Namun, dengan jumlah pasangan calon yang lebih sedikit dan tingkat partisipasi pemilih yang diprediksi bakal turun, akan meningkatkan indeks biaya pilgub. Betapa pun efisiensi dilakukan, cara-cara konvensional tidak akan menghasilkan efisiensi sebesar kalau pilgub menggunakan pemungutan suara elektronik (e-voting). Sayang, e-voting belum diterapkan.

Indikator Kualitas

Mengacu pada hasil penelitian Jorgen Elklit dan Andrew Reynolds (2005), diperlukan 11 indikator untuk mengukur kualitas Pilgub Jateng 2013. Ke-11 indikator itu adalah regulasi, kualitas penyelenggara, konstituensi, pendidikan pemilih, penyusunan DPT, lokasi TPS, aturan kampanye, partisipasi pemilih, proses penghitungan suara, penyelesaian sengketa, dan audit hasil pilgub.
Dari berbagai indikator itu, penting dicermati kualitas penyelenggara, pendidikan pemilih, DPT, aturan kampanye, partisipasi pemilih, penghitungan suara, dan verifikasi hasil pilgub. 

Kualitas penyelenggara, dalam hal ini KPU dan Pengawas Pemilu Jateng serta KPU dan pengawas kabupaten/kota, diukur dari sejauh mana independensi, imparsialitas, dan profesionalisme dalam menangani pekerjaan teknis pilgub.

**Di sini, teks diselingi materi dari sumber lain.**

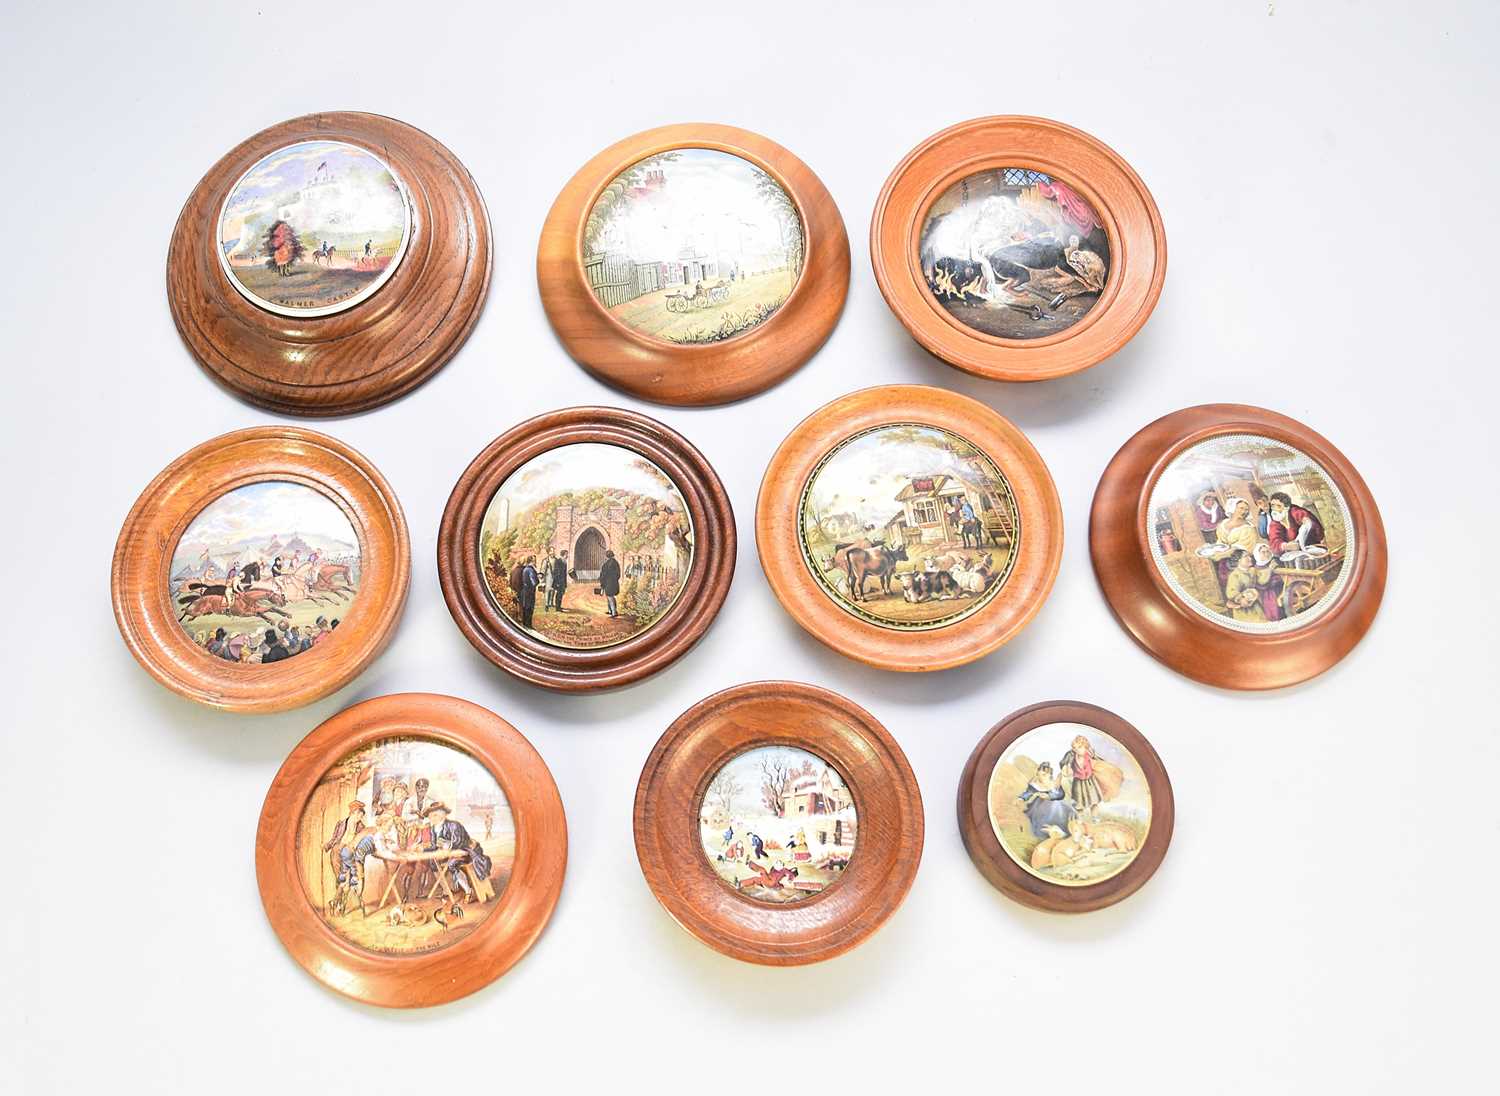 A group of framed prattware pot lids

Pendidikan pemilih terutama menyangkut informasi pilgub yang dikuasai pemilih pemula. Cukup disayangkan, KPU Jateng tampaknya kurang memperhatikan pemilih pemula. Jumlah mereka tidak diketahui pasti, hanya disebutkan 10 - 15 juta orang. 

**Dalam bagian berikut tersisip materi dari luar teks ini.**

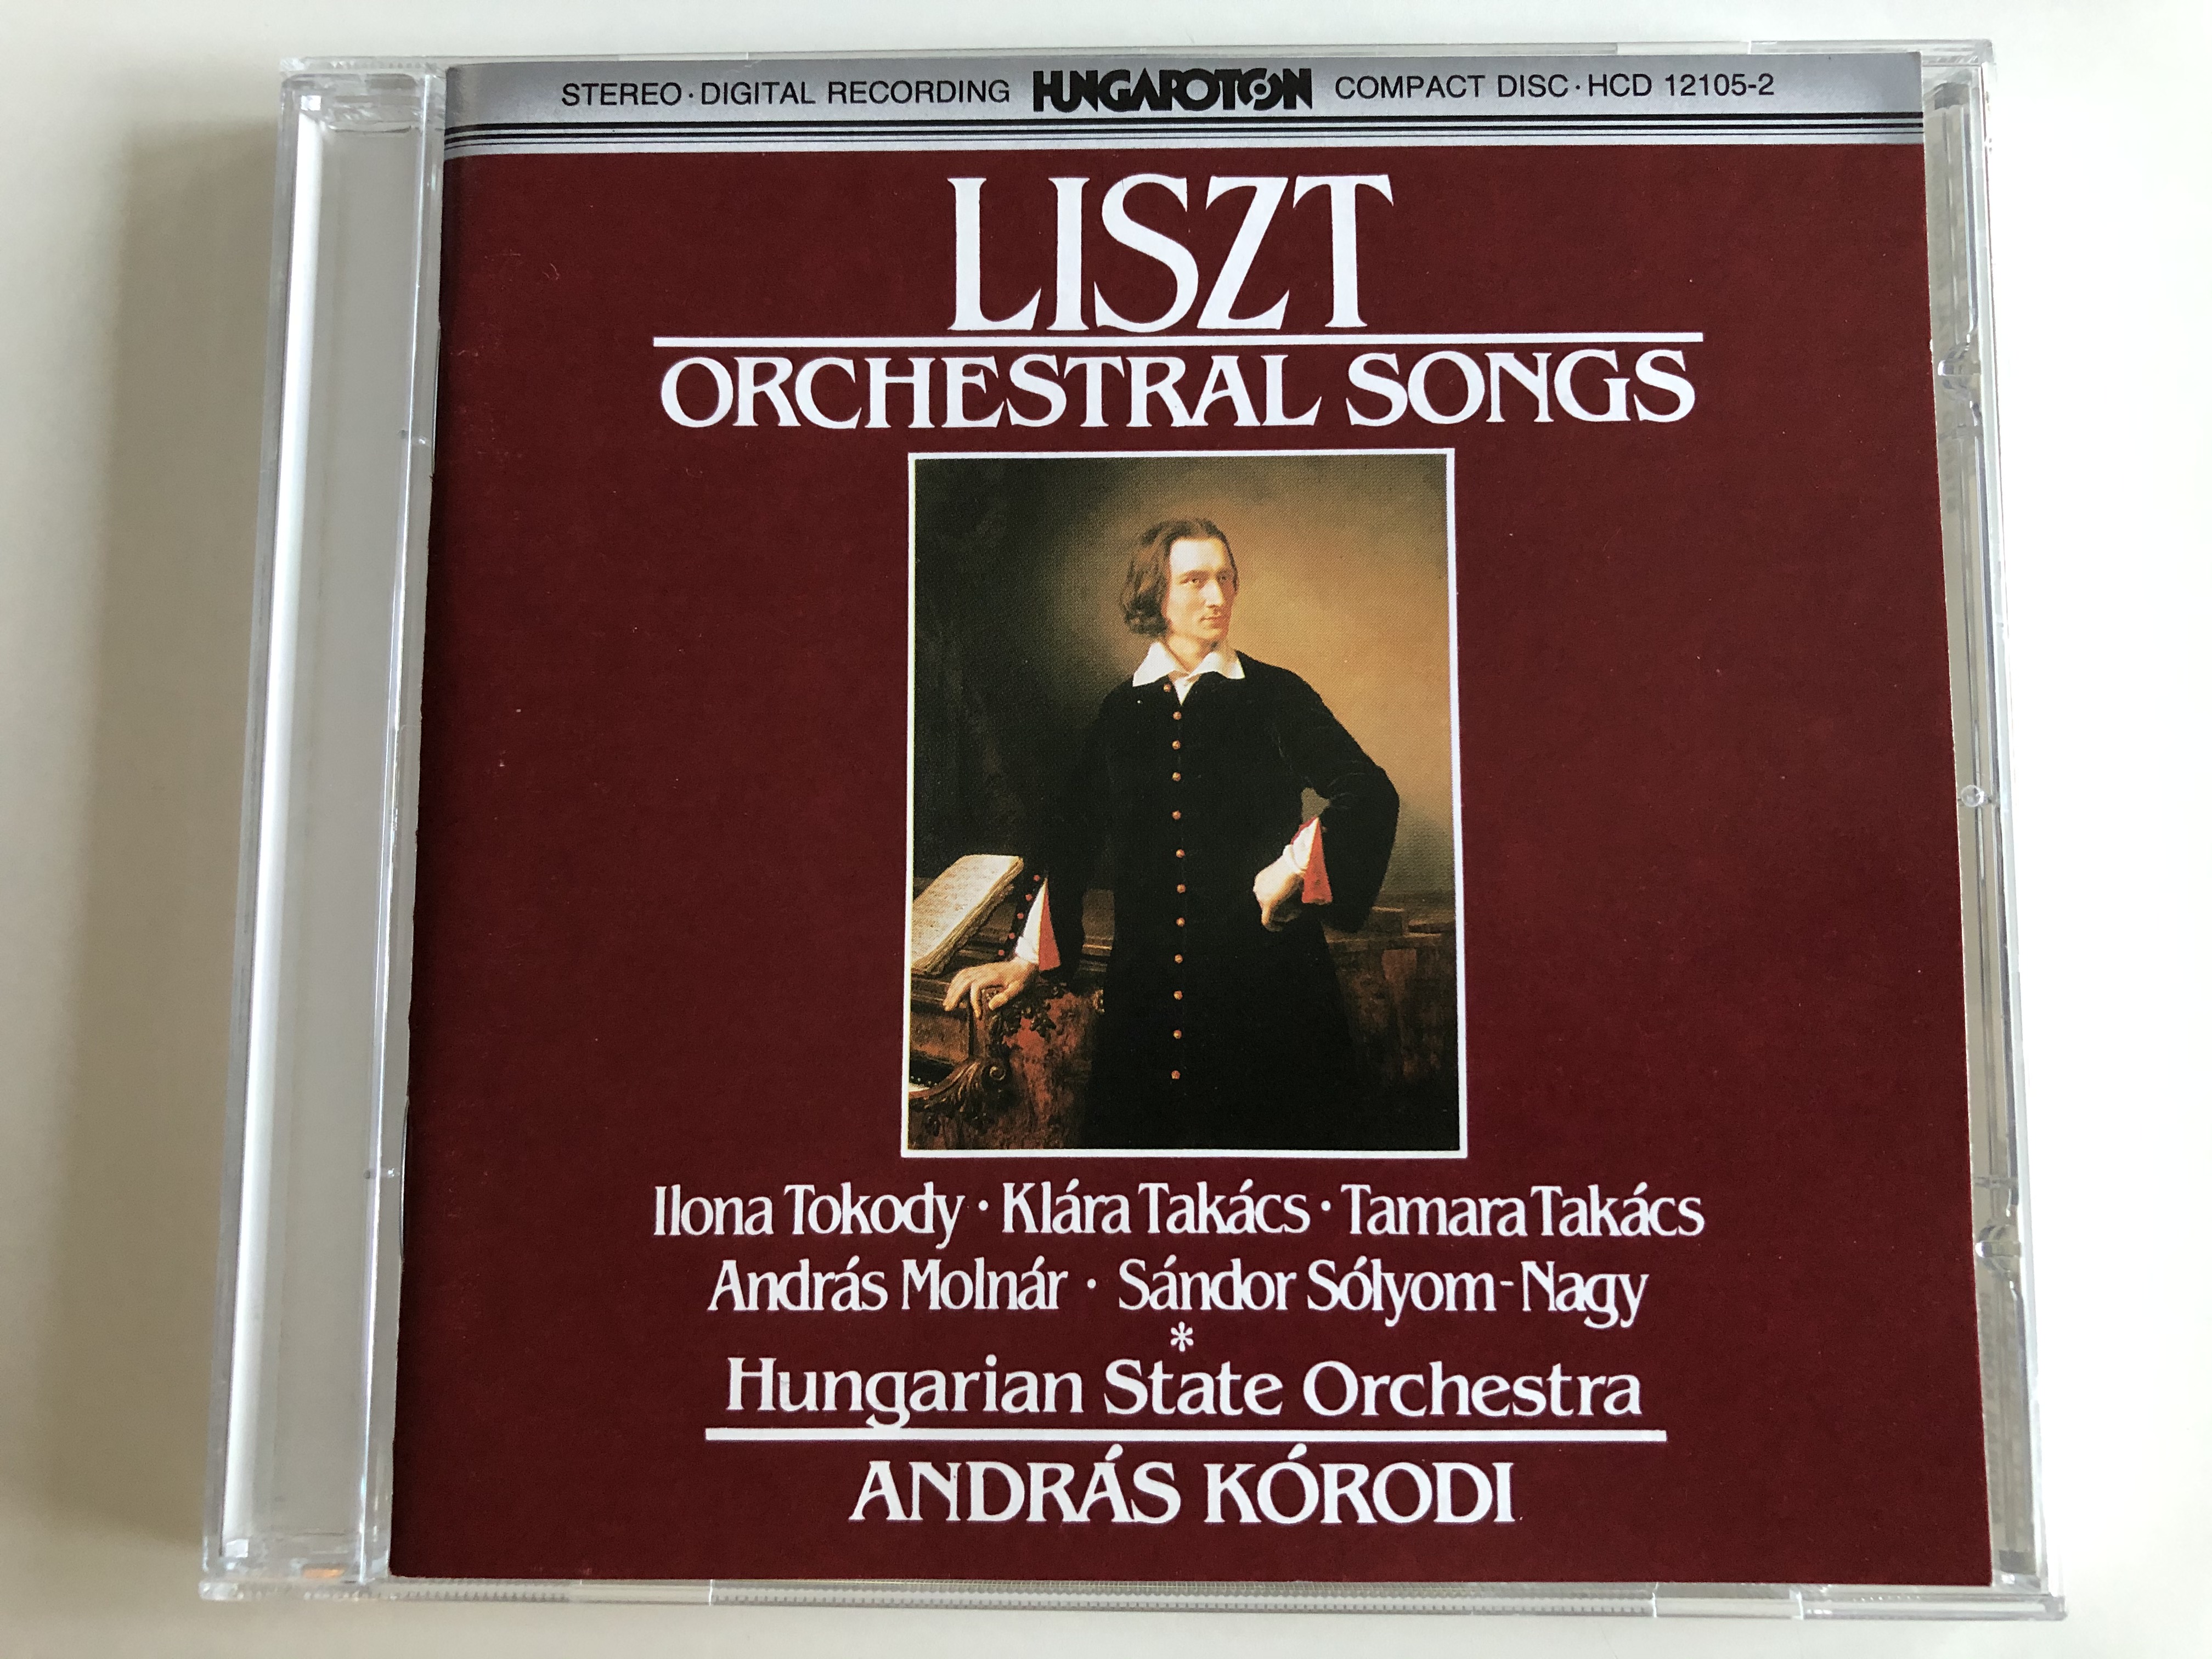 liszt-orchestral-songs-ilona-tokody-kl-ra-tak-cs-tamara-tak-cs-andr-s-moln-r-s-ndor-s-lyom-nagy-hungarian-state-orchestra-andr-s-k-rodi-hungaroton-audio-cd-1986-stereo-hcd-12105-2-1-.jpg

DPT harus aman dari bias angka, akurasi pencocokan dan penelitian (coklit) di lapangan, serta kepercayaan diri pemilih. Sabuk pengaman DPT sudah disiapkan dengan hak pemilih tidak terdaftar untuk menunjukkan KTP sesuai putusan Mahkamah Konstitusi. Aturan kampanye terutama harus menjamin transparansi dana publik, akses ke media massa, dan kontrol terhadap penggunaan fasilitas negara. Partisipasi pemilih bukan hanya menyangkut jumlah golput dan struktur usianya, juga adakah tindak kekerasan dan intimidasi selama tahapan pilgub berlangsung. 

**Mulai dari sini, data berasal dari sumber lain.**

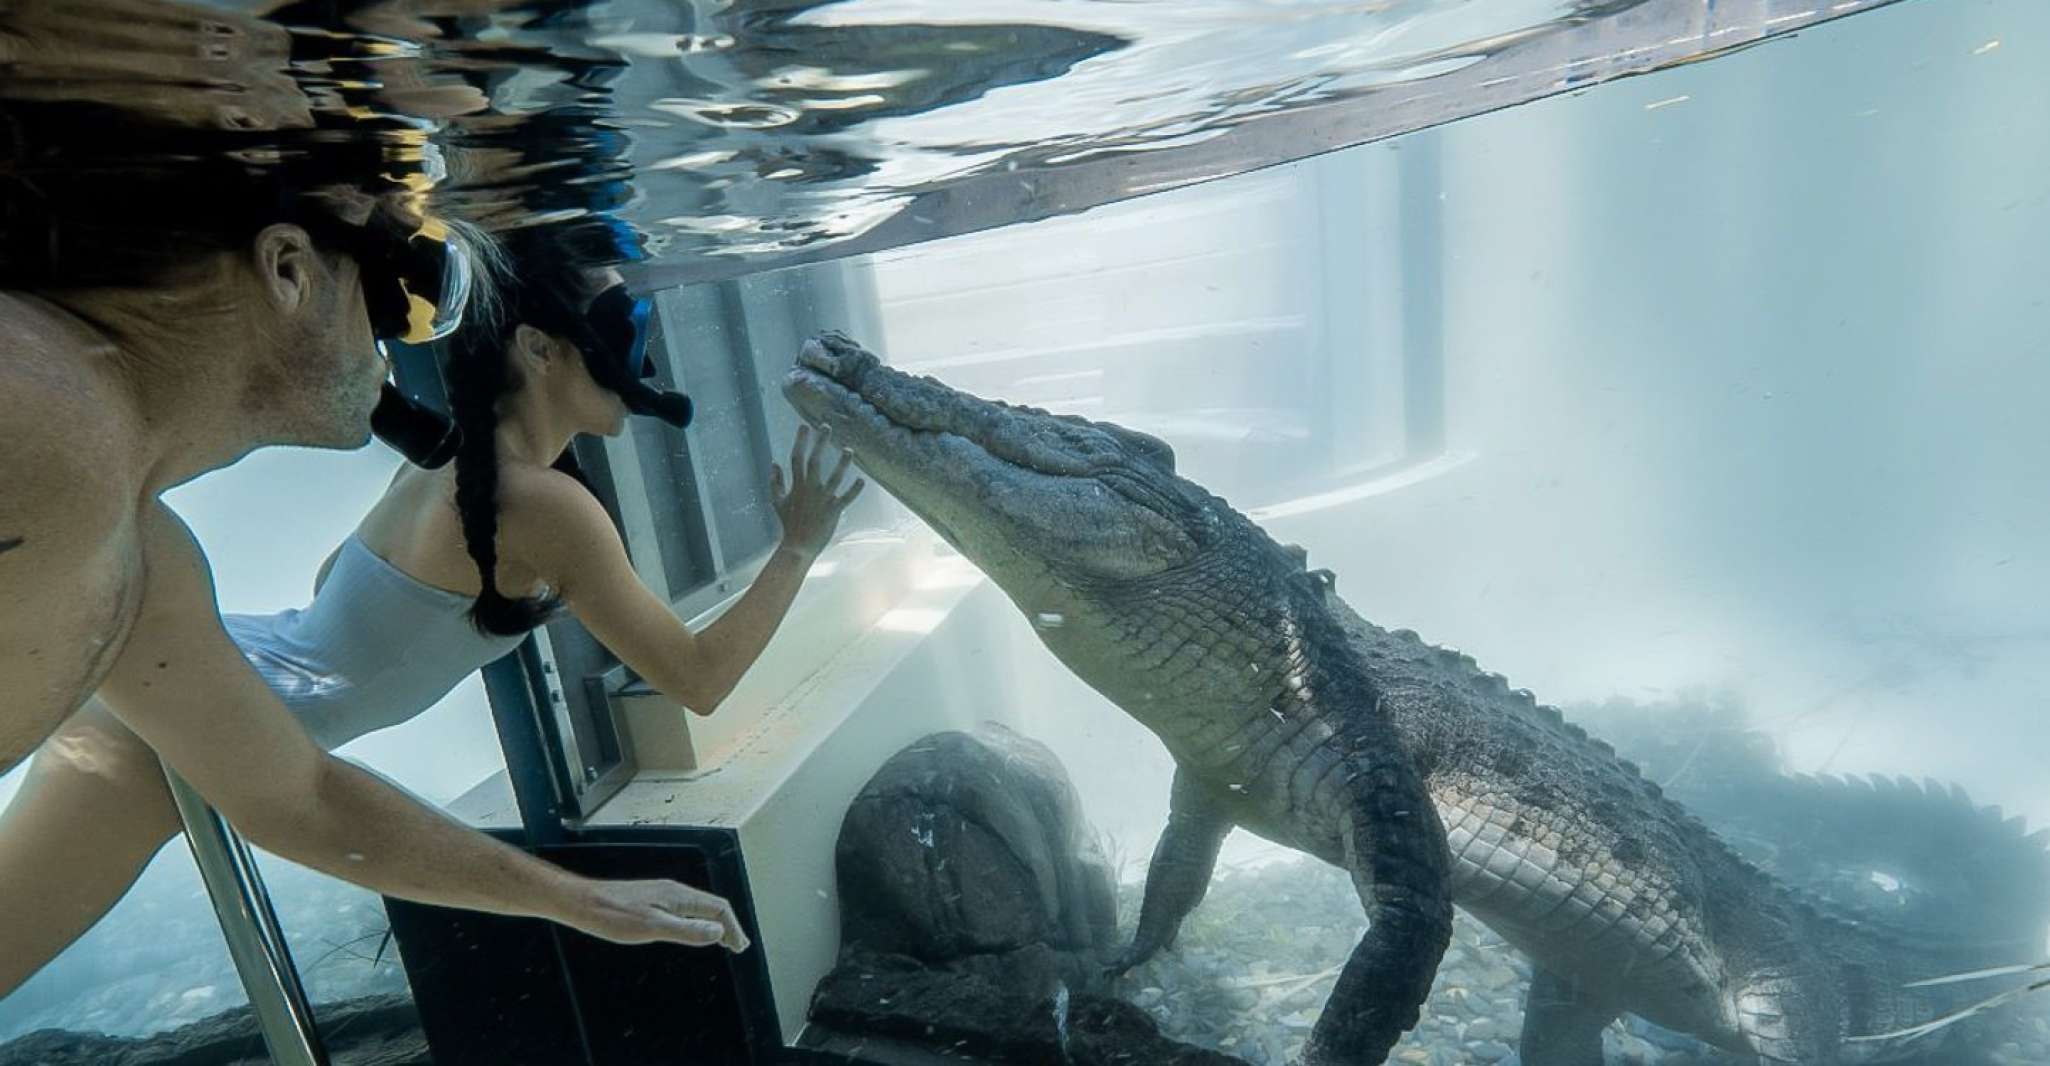 Port Douglas, Wildlife Habitat Swim with Crocodiles - Housity

Penghitungan suara wajib menjamin integritas petugas dan akurasinya, transparan, mudah diakses oleh publik, dan tidak ada penundaan pengumuman. Adapun hasil pilgub bisa diverifikasi dan diaudit, statistik dan review hasil pilgub mudah diakses, serta disahkan tanpa diragukan validitasnya. Pemantau pilgub harus ikut memberikan penilaian atas seluruh tahapan yang dinyatakan tidak ada masalah.